One happy outcome was that they actually had paperboy scholarships, and because of that I got into a top boarding school. From there I went on to Harvard, and then Goldman Sachs, and eventually served as board chair of the school I had gone to as a boy. So delivering papers turned out to be an enormously pivotal time for me.

Rhea Suh

President, National Resources Defense Council

First job: Senator’s assistant

When I got back to Colorado after doing my Fulbright fellowship, I was really burned out. So I got a season ski pass, and waitressed and just wanted to hang out – much to my parents’ chagrin.

But eventually I got bored with myself, and I had always been interested in politics, so I decided to volunteer for somebody. I literally got out the Yellow Pages and started cold-calling elected representatives.

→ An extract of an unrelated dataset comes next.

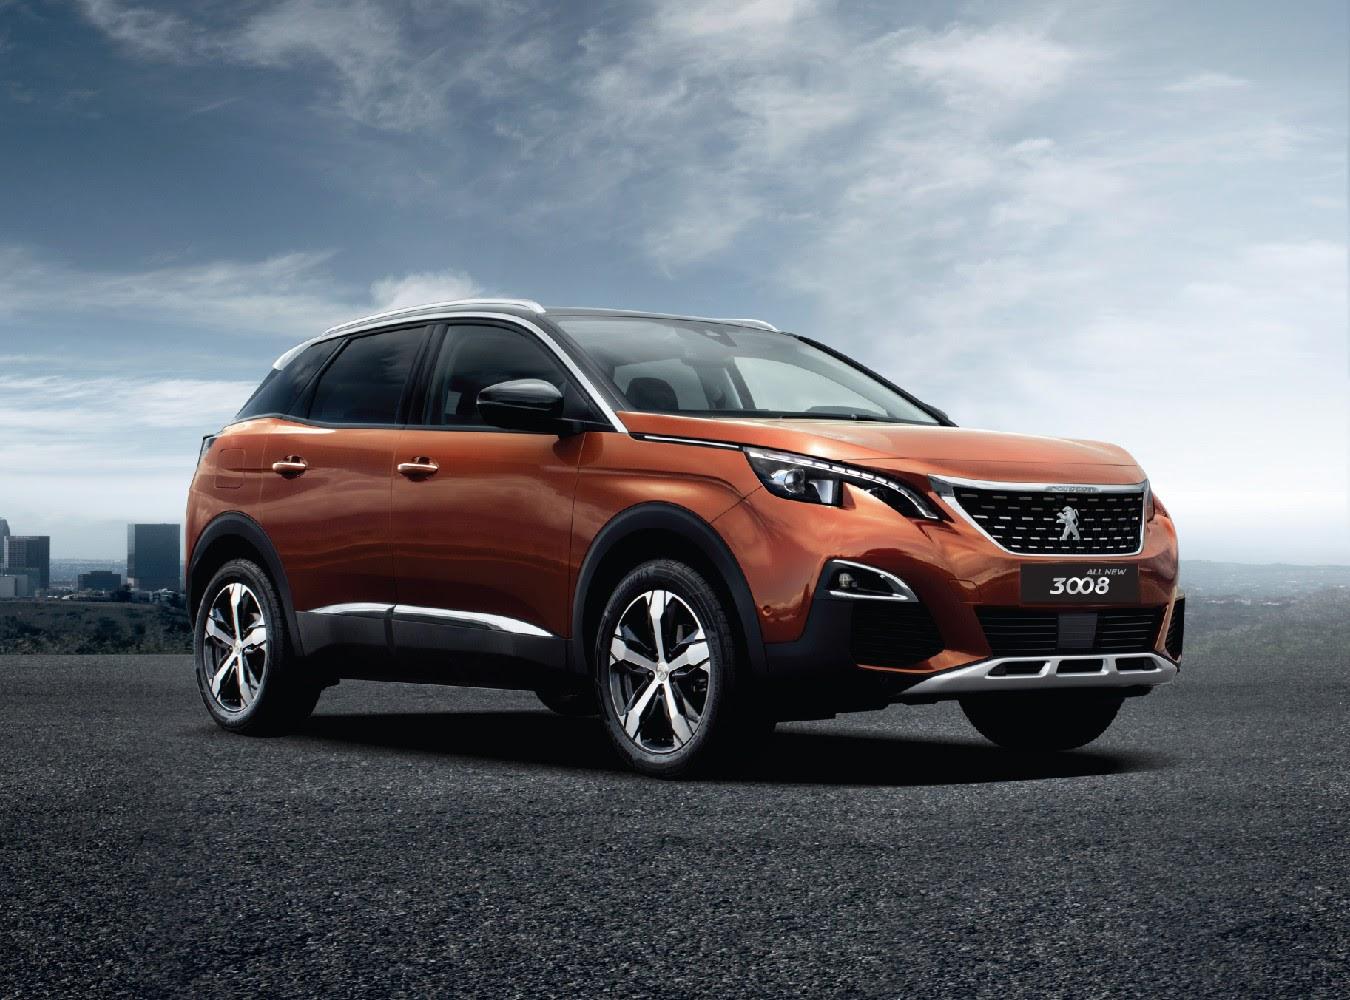 Peugeot - Chiếc xe trong mơ của vô số tín đồ yêu xe hơi

The third one down the list was Ben Nighthorse Campbell, whose staff liked the fact I had an environmental background. Two weeks later they offered me a job. Partway through his term he switched parties, so that was pretty eye-opening. I had to pick up all my stuff and just move to the other side of the political aisle.

That was during the Gingrich Revolution, so at the time it was the most partisan thing I had ever been through. But boy, does it pale compared to what we are going through now. The world has changed during my lifetime – and not for the better.